Writers do depend on encouragement, and I was encouraged to expand what I had written into a more sustained reflection on A Perfect Spy for inclusion in a book I was working on. And then I thought I’d go for broke: I wrote again to ask permission to include his letter in the body of my essay and, if he was in principle agreeable, to give me the necessary contact details for his agent etc. Came the handwritten reply (25th July 2017), “…no need to trouble my agent: please regard this letter as consent enough”. And so the letter appears at pages 98-99 of my completely unsuccessful book, Prose Improvements (2017). I returned again to A Perfect Spy in a 2018 review on this site https://www.readingthisbook.com/2018/07/john-le-carre-perfect-spy.html and, in contrast to my failed book, it’s one of the most popular pages here with over a thousand visitors.
The letters offered in the volume under review are to family, friends, lovers (though sparsely), secret and diplomatic service colleagues, fellow writers, agents, and so on. There are a handful addressed to what one might call members of the public: to Mrs Betty Quail who thinks that George Smiley’s problems would be solved by conversion to Catholicism (p 230); to a ten year old boy who wants to be a spy (p 281) and another to an eleven year old (p 359); to attentive readers in the Netherlands and Germany who have spotted plot impossibilities and inconsistencies (p 336, p 354) - the first one a beauty in which the Emperor is clearly caught with no clothes; le Carré is greatly amused and sends a signed hardback as a prize.

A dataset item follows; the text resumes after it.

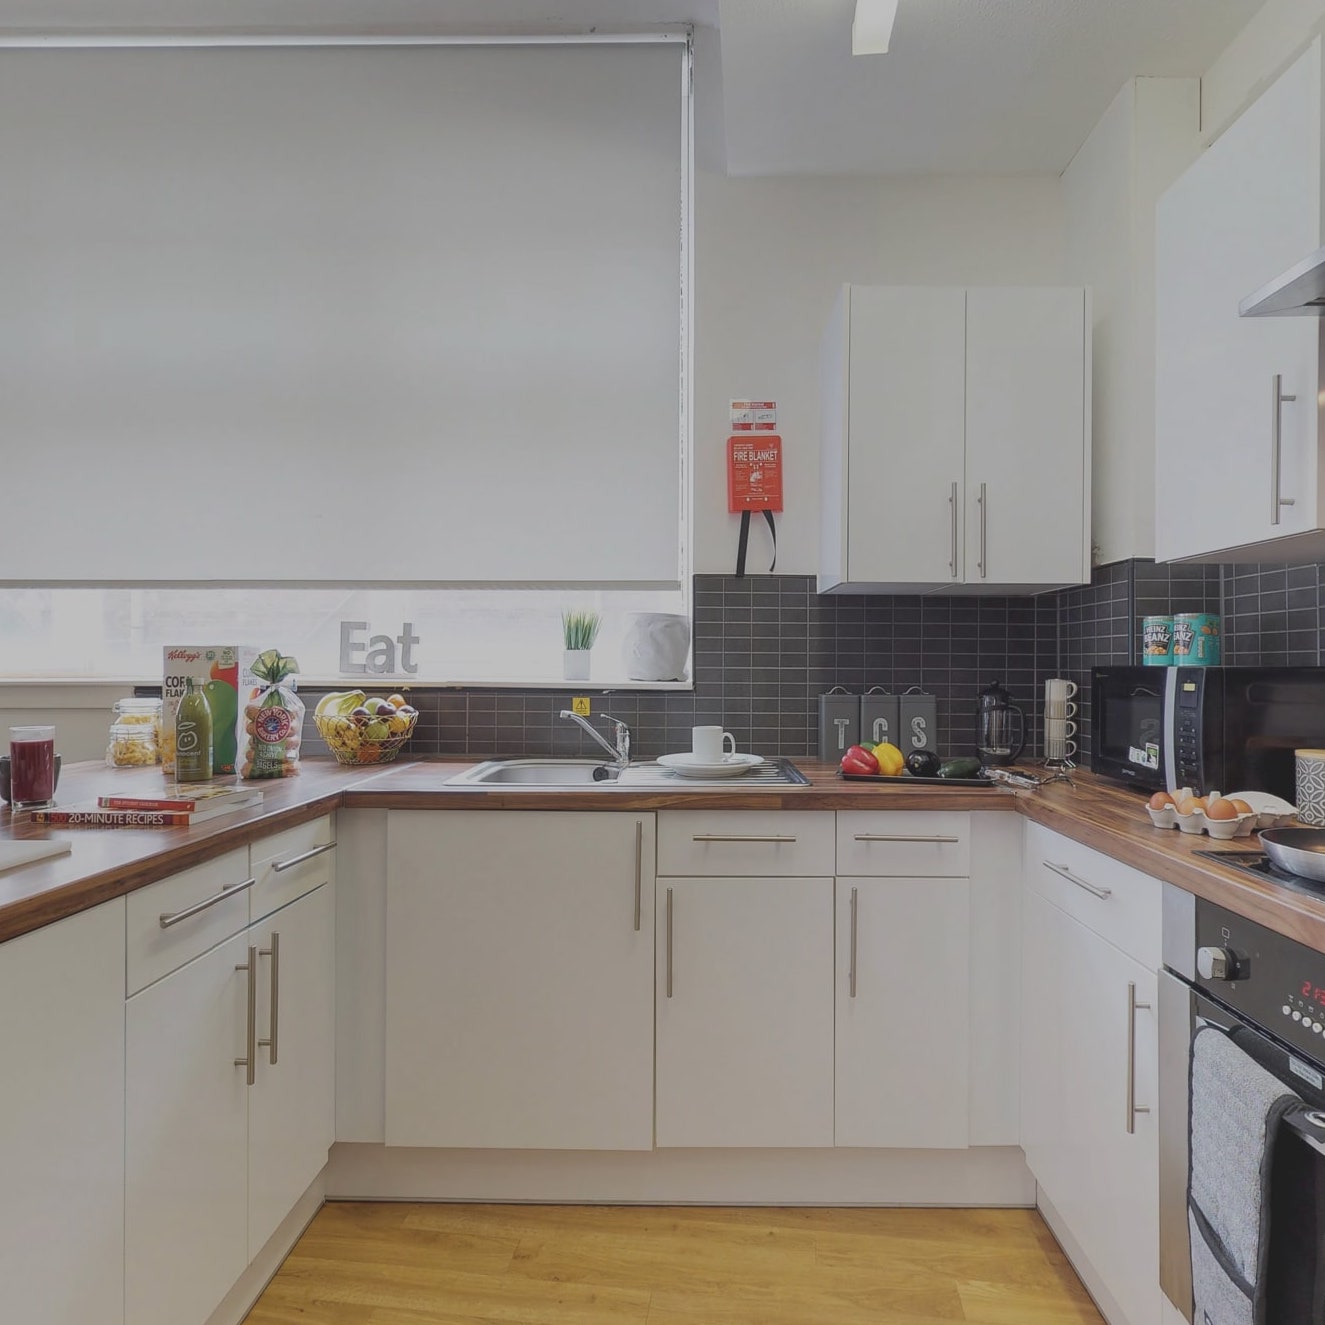 Kitchen and living area at Haigh Court student accommodation

But these letters feel like curiosities alongside the more weighty correspondence, some of it providing useful grist for those who want to study plot and character and device in the novels. This is very obviously so in letters to Alec Guinness where le Carré is clear and detailed about how he thinks George Smiley should be played (notably pages 211-15).

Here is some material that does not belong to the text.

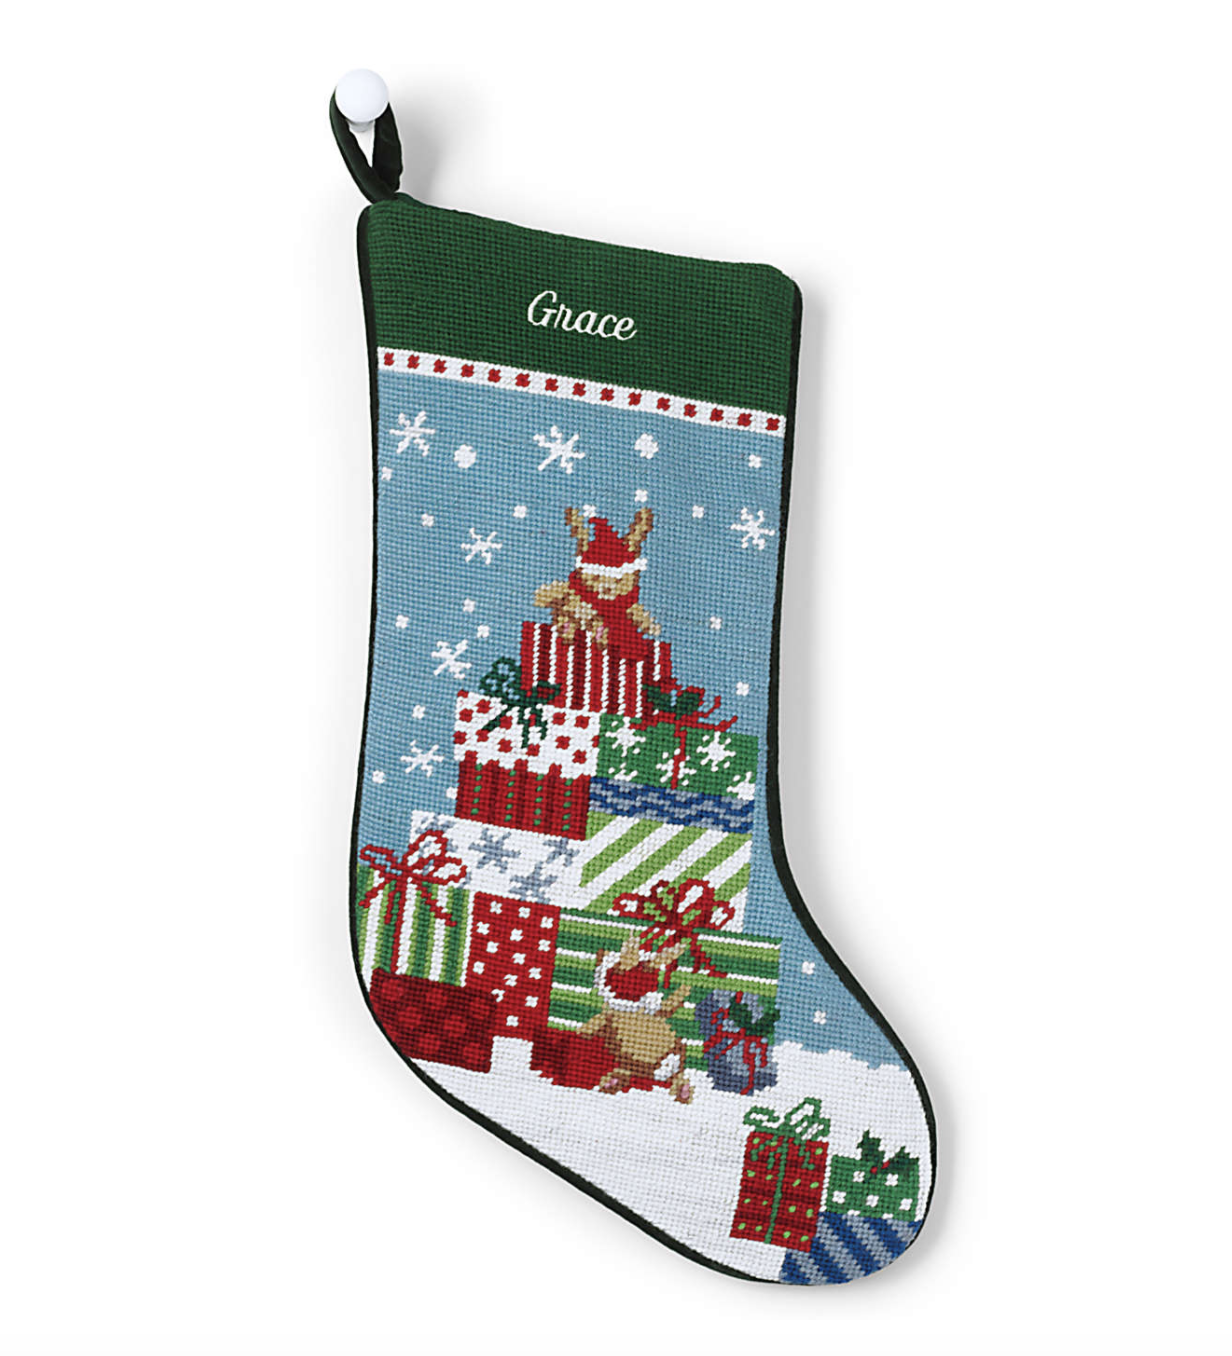 55 Top Images How To Decorate A Christmas Stocking - 45 Best Personalized Christmas Stockings Unique Christmas Stocking Ideas

To my surprise, it was easy to read this book rather than pick up, put down, and basically browse.. A lot must be owing to the skills of the editor, le Carré’s son the late Tim Cornwell, who structures the book around the major novels and provides helpful, unassertive, notes of guidance. If there is a weakness it must (inevitably and invisibly) rest in the fact that the compilation is a family affair, approved by the family Estate, and appearing really very soon after le Carré’s death at the end of 2020.
Like father like son. I was struck by the similarities between father and son. Both display extraordinary energy, are on the move constantly (though le Carré likes to describe himself as a recluse in Cornwall - with a guest wing built to accommodate six …), and are good at making friends and influencing people. The difference, of course, is that Reggie was a career con-man criminal notching up jail sentences in several countries (not many criminals achieve that distinction) and losing his winnings every time, whereas le Carré amasses - and doesn’t lose, though sometimes gives away chunks - a large fortune built entirely on his genius as a writer and the skill of his agents in selling film and TV rights.

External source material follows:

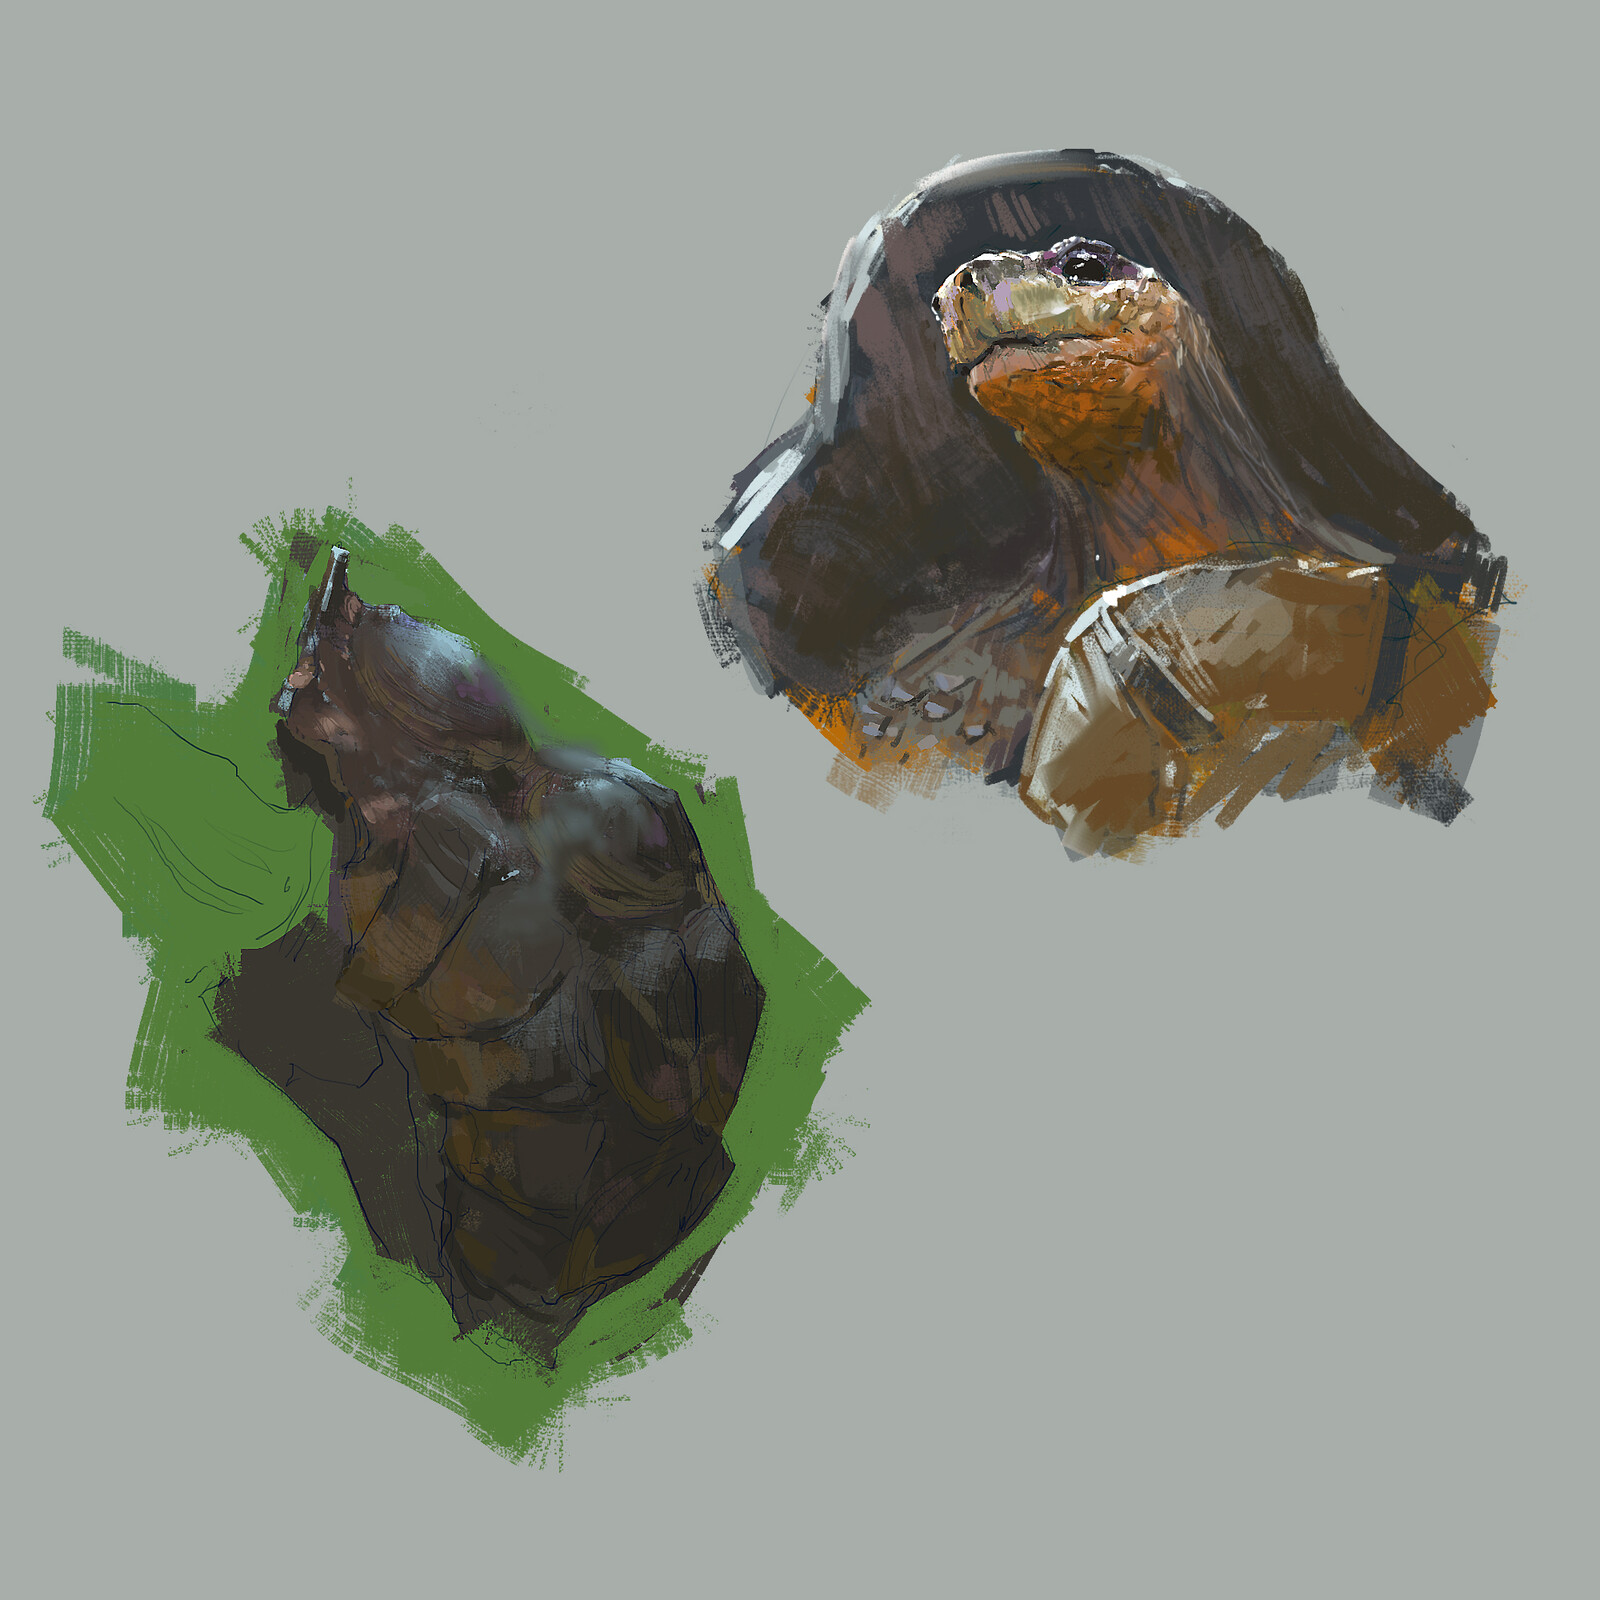 tortle studies, since I don't know how to paint them.

There is hardly a page in the 630 pages of this collection of letters where the author is not busy, whether writing, travelling to dangerous places to do background research for a novel,promoting a new novel, or co-operating with scriptwriters, directors, producers. Both energy and achievement are extraordinary.
I will do my duty and make copies of the letters I mentioned at the beginning and post them to the archivist at the Bodleian.